===== DATA PROVIDED =====

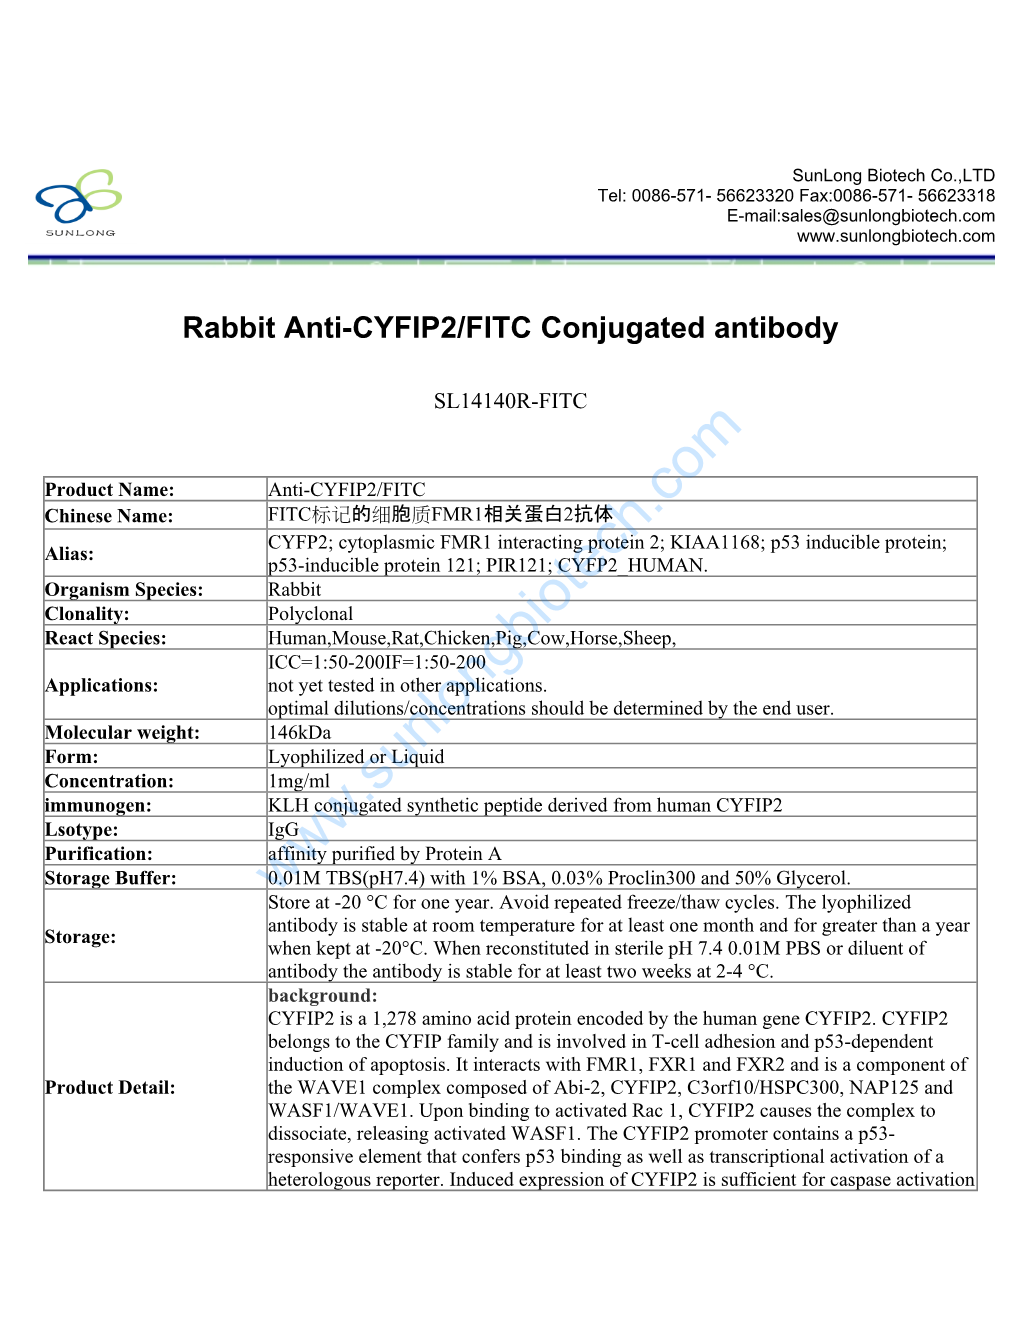 Rabbit Anti-CYFIP2/FITC Conjugated Antibody-SL14140R-FITC
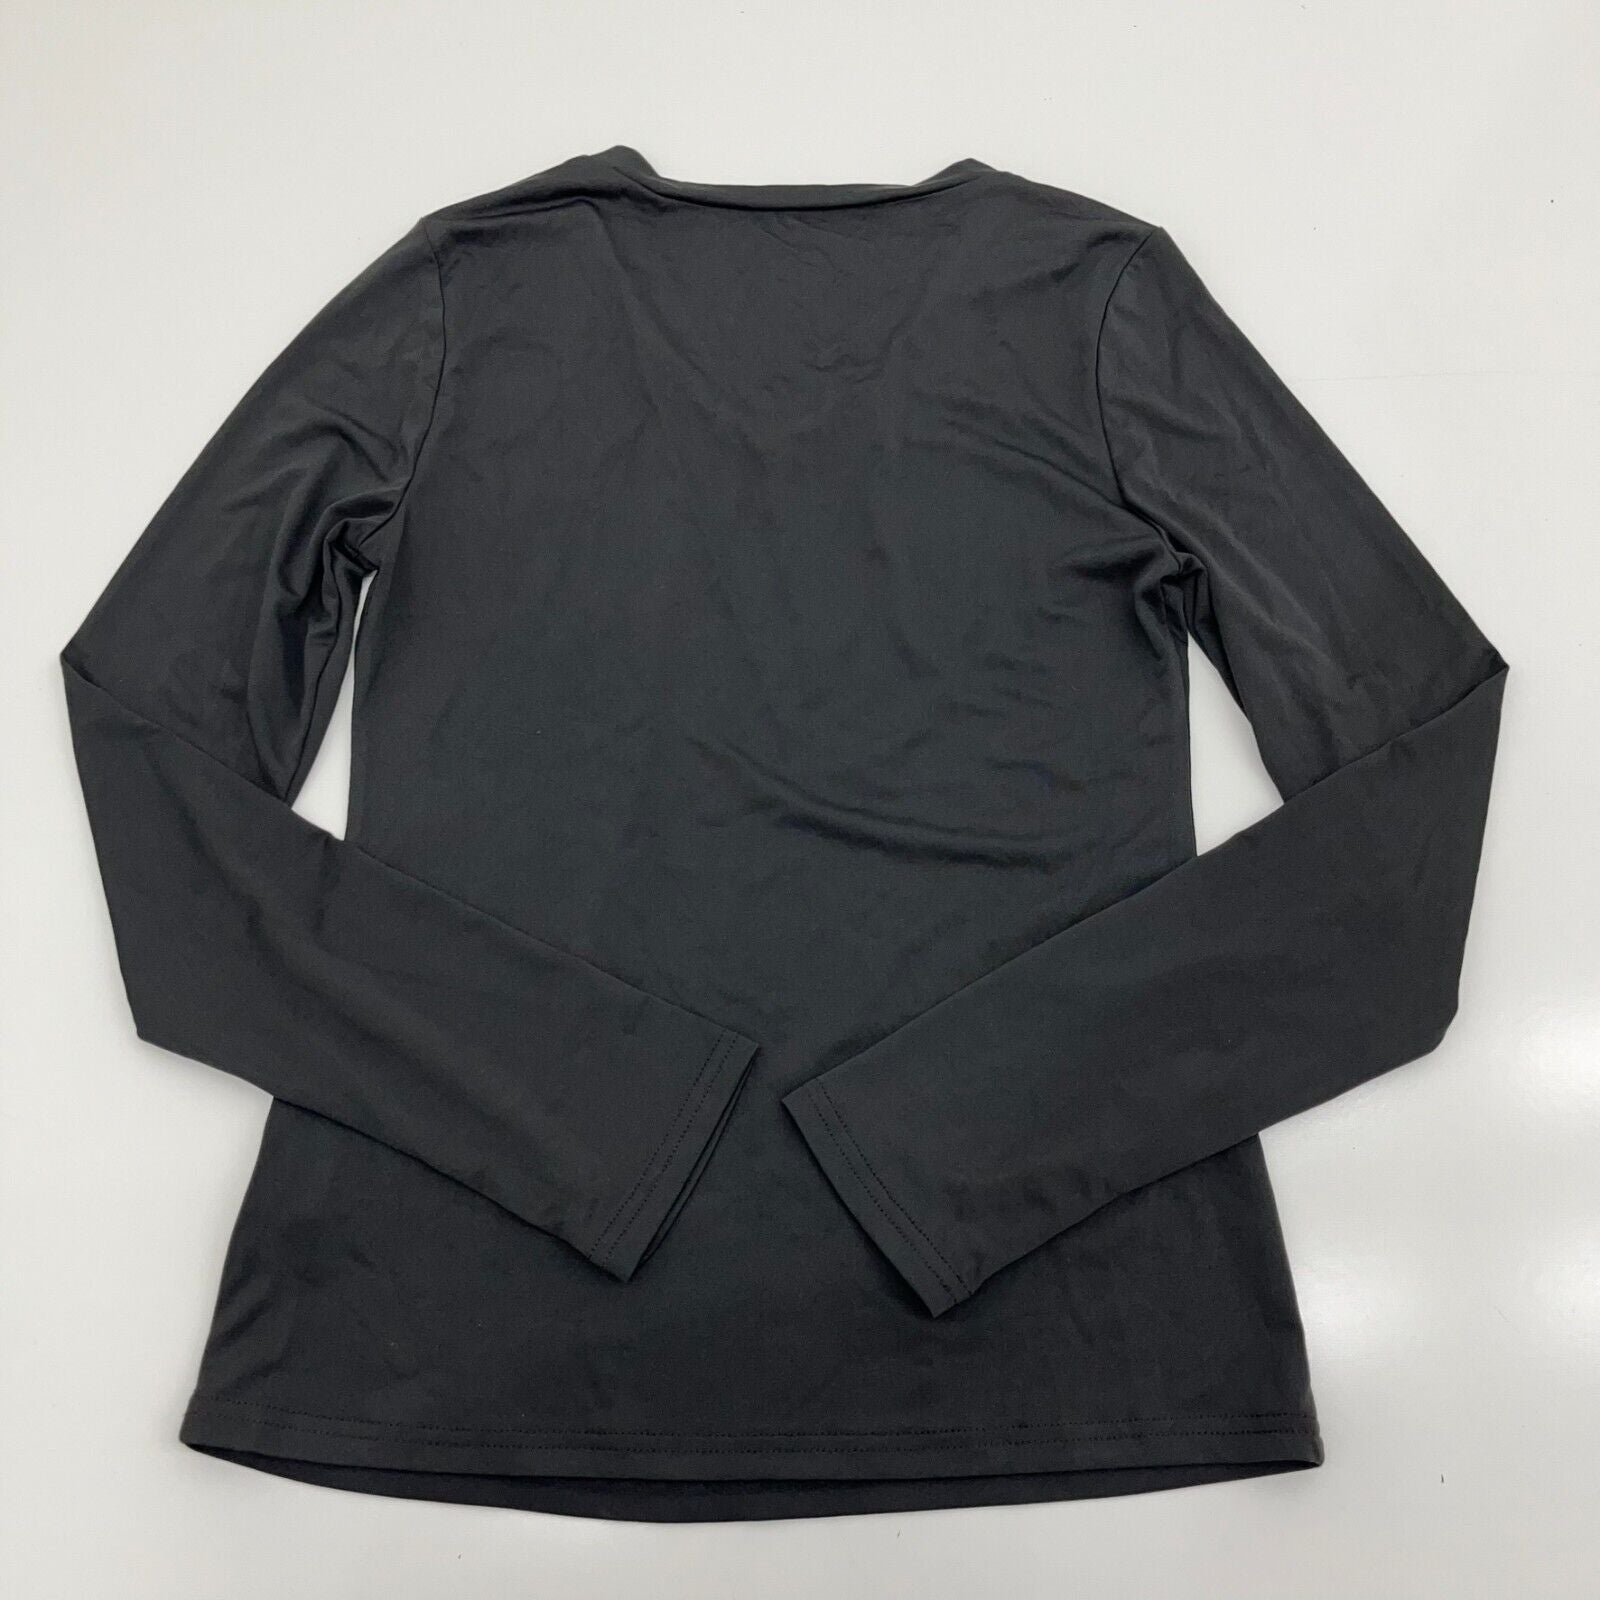 ViCherub Womens Black Long Sleeve Athletic Shirt Size XXL - beyond exchange
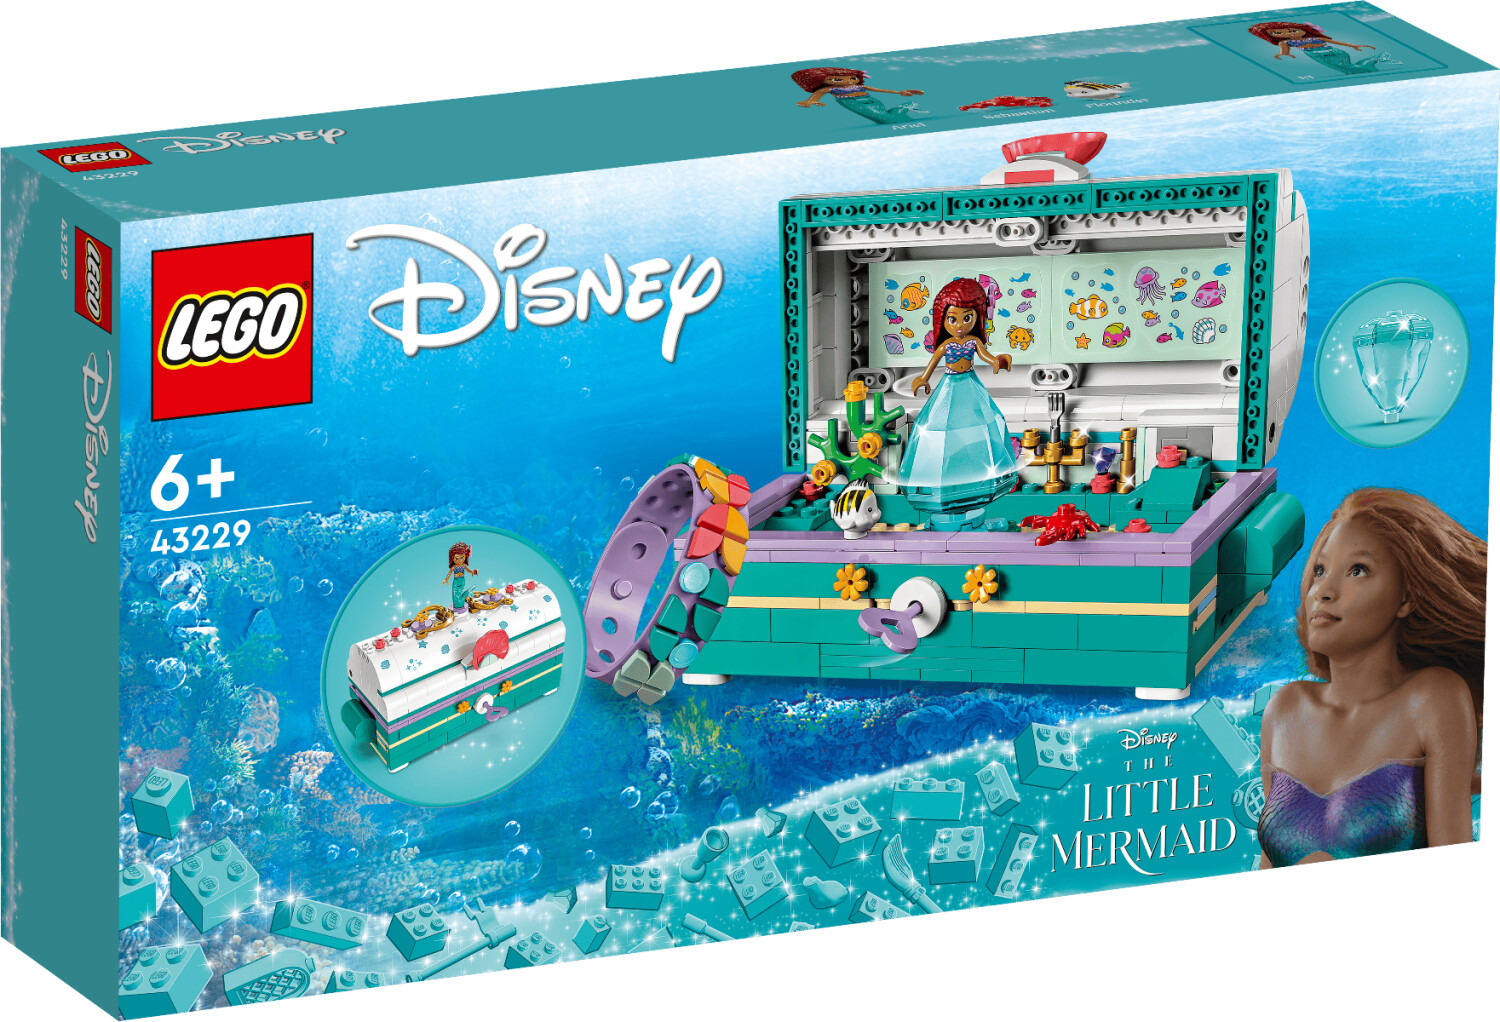 LEGO 43229 Disney Princess - Arielles Schatztruhe

=====

## ABOUT THIS TASK
Without including any picture, reproduce the material above word for word.

## ANSWER FOR THE TASK
 Rabbit Anti-CYFIP2/FITC Conjugated Antibody-SL14140R-FITC
 ViCherub Womens Black Long Sleeve Athletic Shirt Size XXL - beyond exchange
 LEGO 43229 Disney Princess - Arielles Schatztruhe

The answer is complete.